Ein „Austesten“ der Grenzen ist dabei ein bekanntes und notwendiges Ritual, dem sich Erwachsene immer wieder ausgesetzt sehen. Das erzeugt nicht nur in der Schule Spannungen, die von allen Beteiligten mehr oder weniger als unerträglich empfunden werden. Dabei wird oft übersehen, dass die Überprüfung der Verbindlichkeit und das Umgehen einer Grenze oder Regel zum „normalen“ Lernprozess der Kinder und Jugendlichen gehört. Eine Regel, deren „Verfallsdatum“ längst abgelaufen ist, weil sie nicht mehr altersgemäß oder situationsgerecht erscheint, muss und kann in diesem Zusammenhang von Kindern und Jugendlichen in Frage gestellt werden. An diesem Punkt besteht die Schwierigkeit in der Herstellung der Balance zwischen notwendiger Grenzsetzung und Bevormundung oder Entmündigung der Schülerinnen und Schüler, zwischen Wertschätzung für Eigensinn und konsequentem Handeln bei Regelverstößen.
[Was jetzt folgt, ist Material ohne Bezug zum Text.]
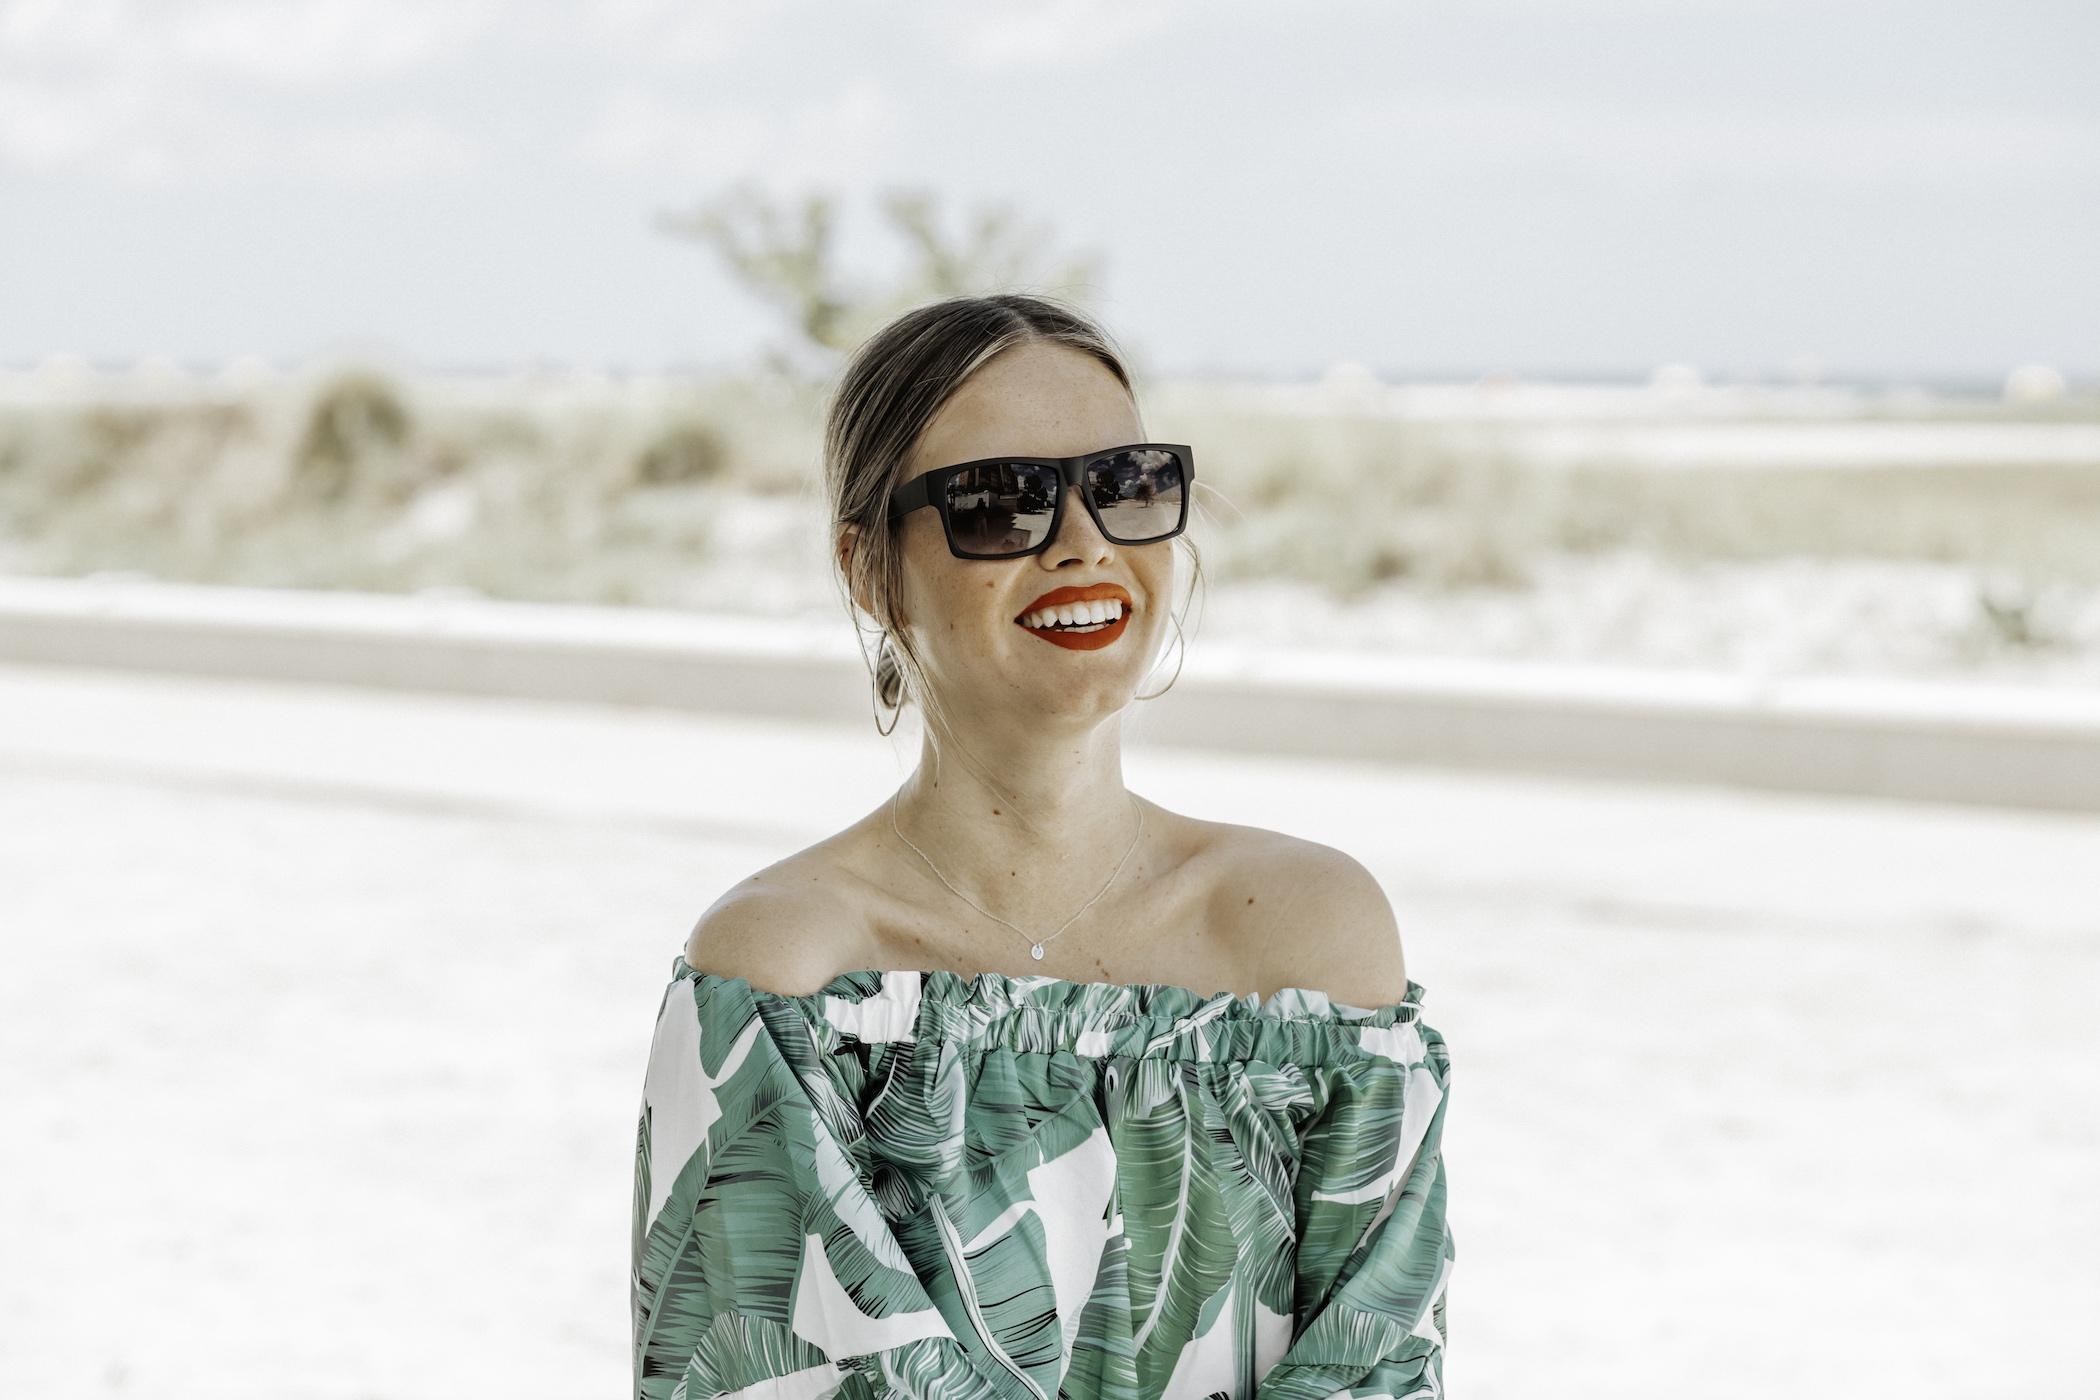 shadyveu-sunglasses-matte-black-ashlee-rose-photography-tiny-ashe-blog-sunglasses-florida-tampa-summer-shadyveu_2-small.jpg

Eine zu enge oder zu großzügige Grenzsetzung führt schnell zu einem unerfreulichen Lernklima. Grenzen oder Regeln müssen folgende Bedingungen erfüllen:
1. Sie müssen deutlich, verhaltensnah und altersgemäß sein. 2. Sie müssen bindend sein – jeder muss sich darauf verlassen können, dass bei Regelverstößen sofort und konsequent reagiert wird. Dabei ist vorher ein Rahmen abzustecken, welche Konsequenzen ein (Fehl-)Verhalten nach sich ziehen kann. 3. Ihre Einhaltung muss kontrolliert werden. Grenzen, die nicht „bewacht“ werden, werden häufig überschritten. 4. Sie müssen allen Schutz bieten und die Übernahme der Verantwortung für das eigene Verhalten einfordern. 5. Ein Verstoß darf keine demütigende Strafe nach sich ziehen. 6. Regeln müssen ständig auf ihre Notwendigkeit überprüft werden („Verfallsdatum“).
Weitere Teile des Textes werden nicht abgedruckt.